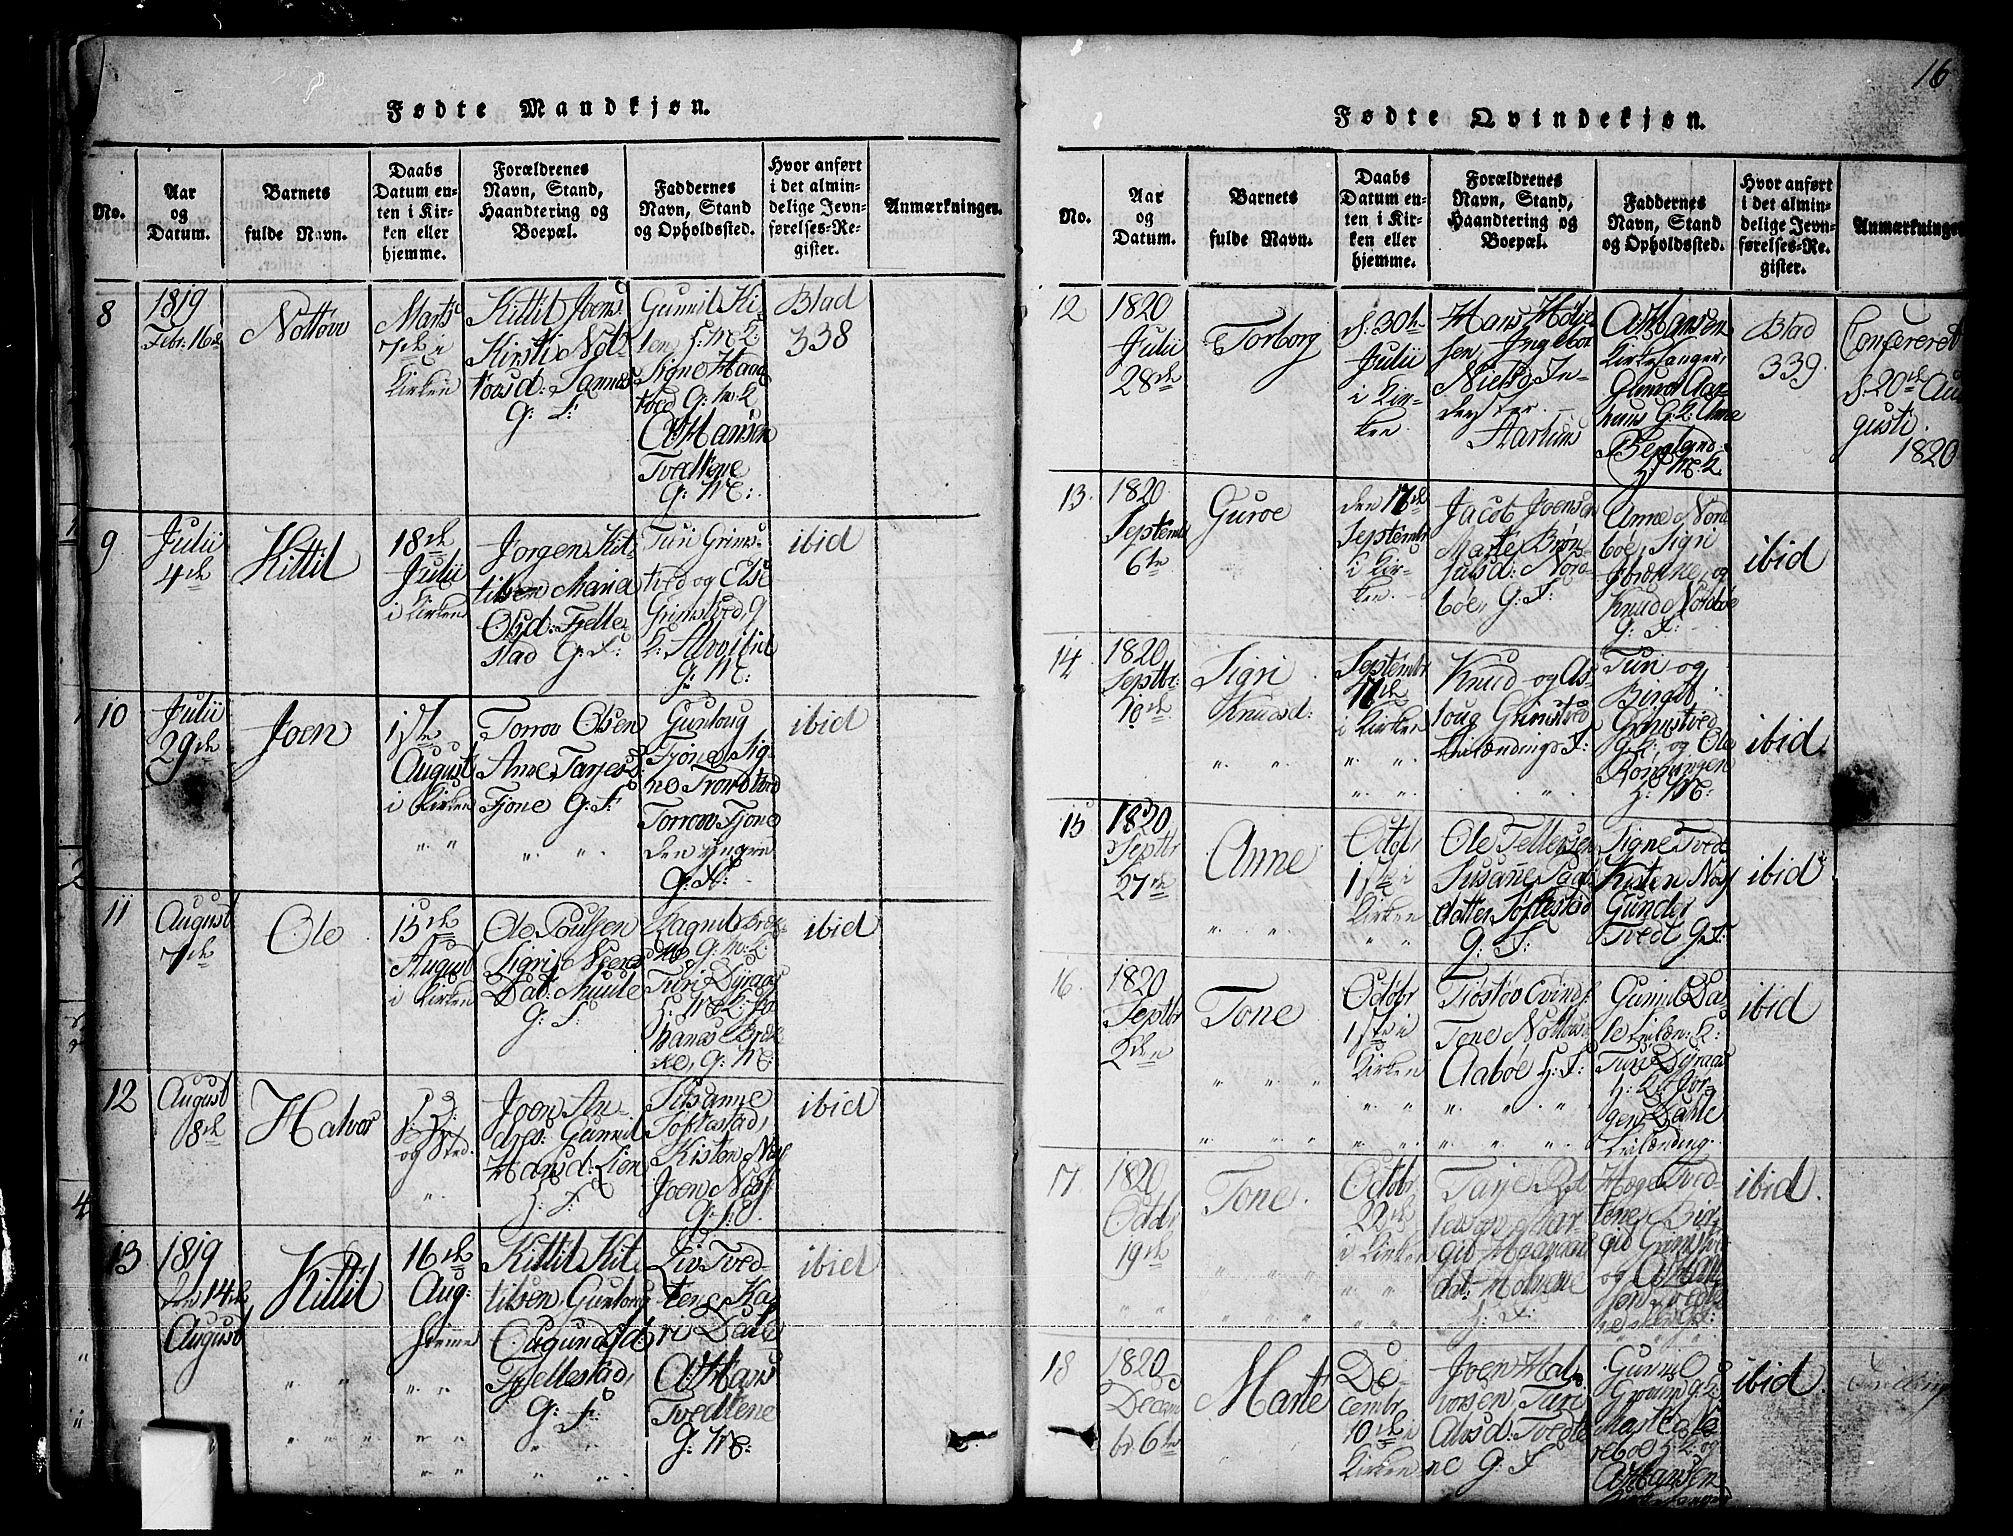 SAKO, Nissedal kirkebøker, G/Ga/L0001: Klokkerbok nr. I 1, 1814-1860, s. 16
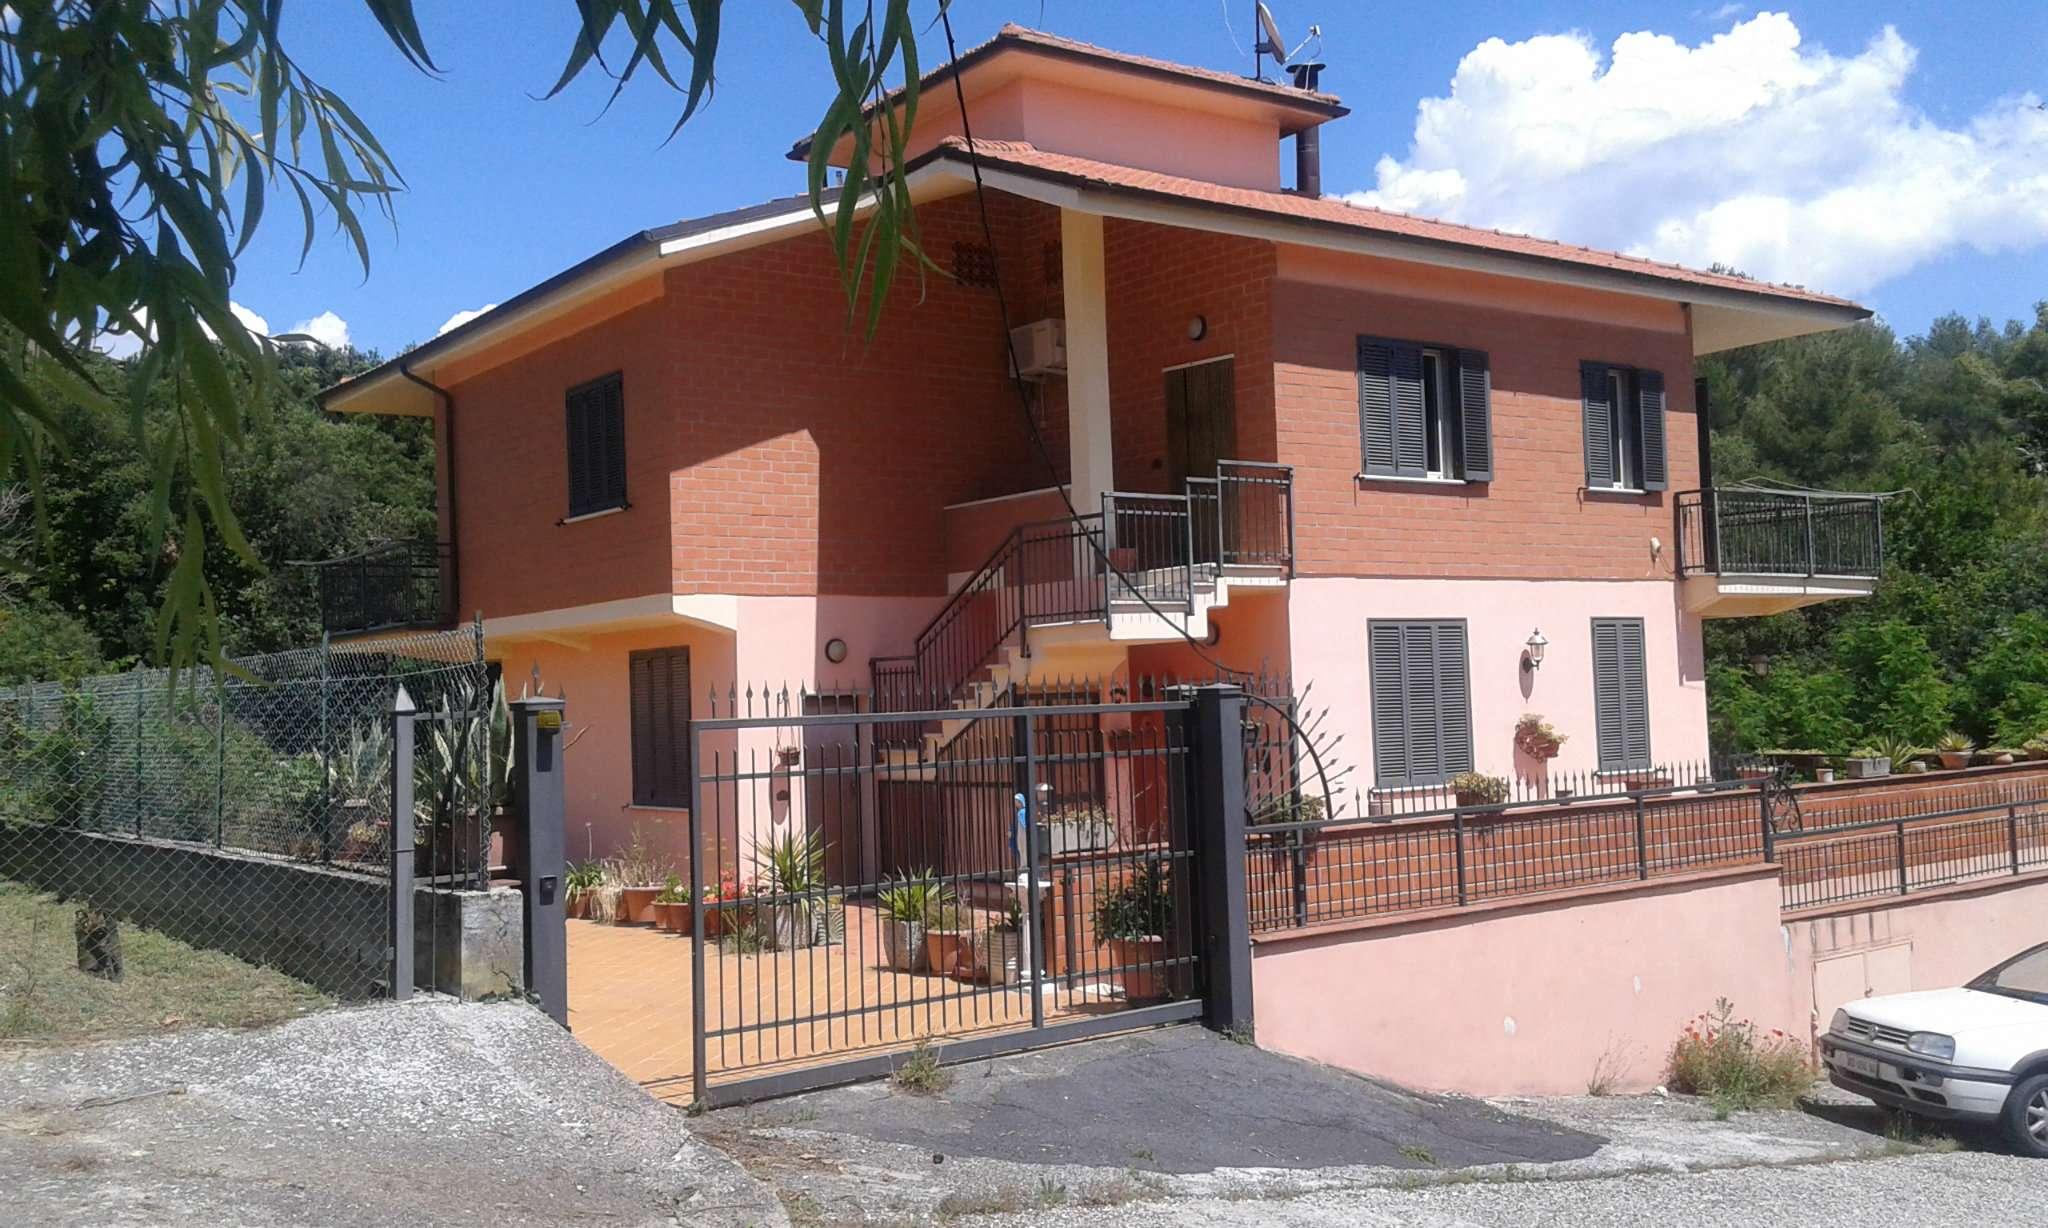 Villa in vendita a Narni, 6 locali, prezzo € 299.000   Cambio Casa.it
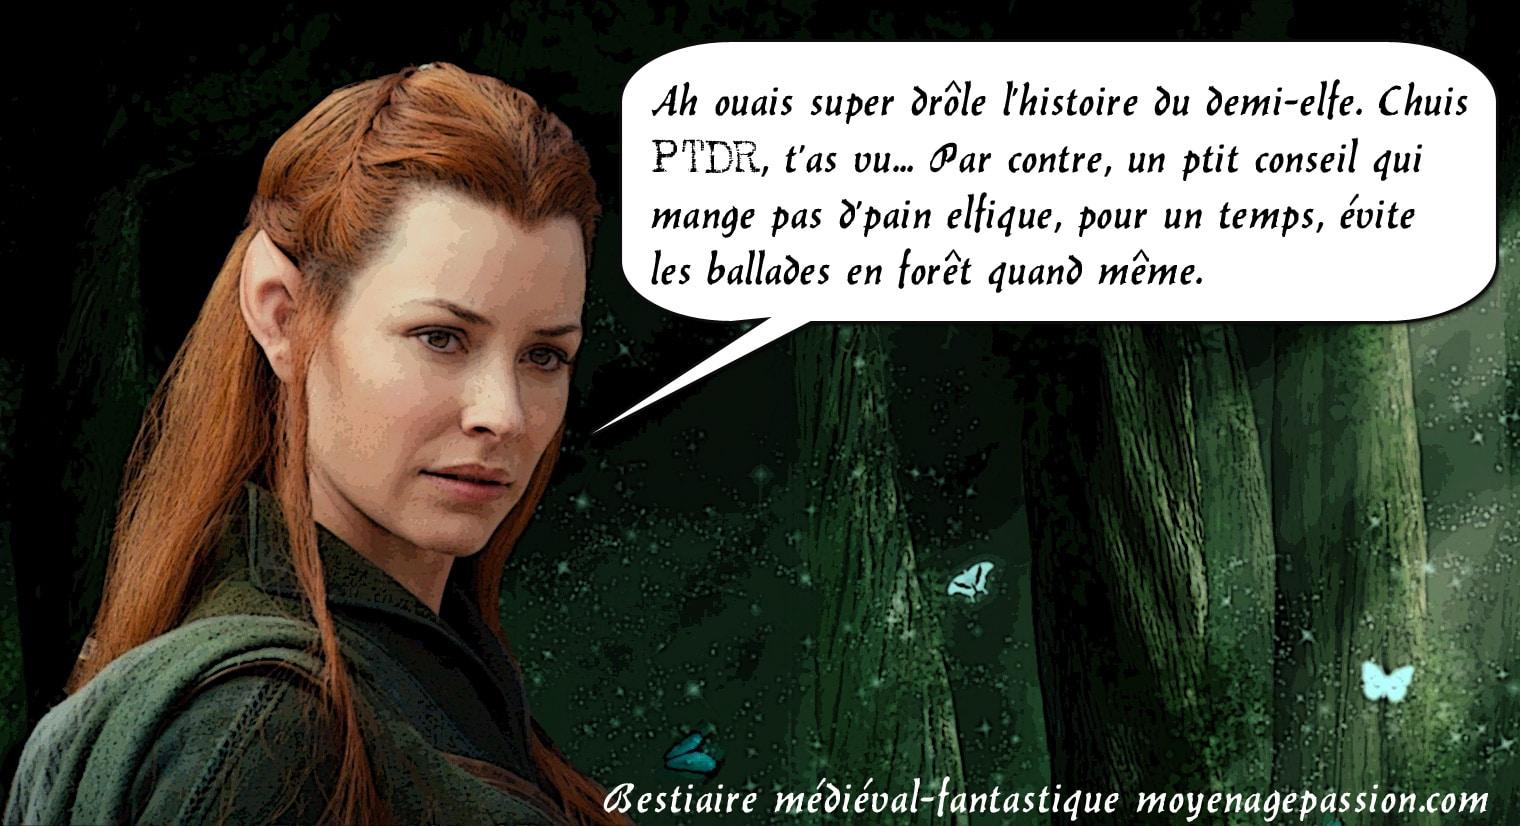 La très belle Tauriel, du Hobbit de Peter Jackson, ou le démenti de l'amour impossible entre elfe et nains

==============================

**Problem to work on**: Copy the data in full. No pictures belong in the copy.

**Task result**:
 SAKO, Nissedal kirkebøker, G/Ga/L0001: Klokkerbok nr. I 1, 1814-1860, s. 16
 Villa in vendita a Narni, 6 locali, prezzo € 299.000   Cambio Casa.it
 La très belle Tauriel, du Hobbit de Peter Jackson, ou le démenti de l'amour impossible entre elfe et nains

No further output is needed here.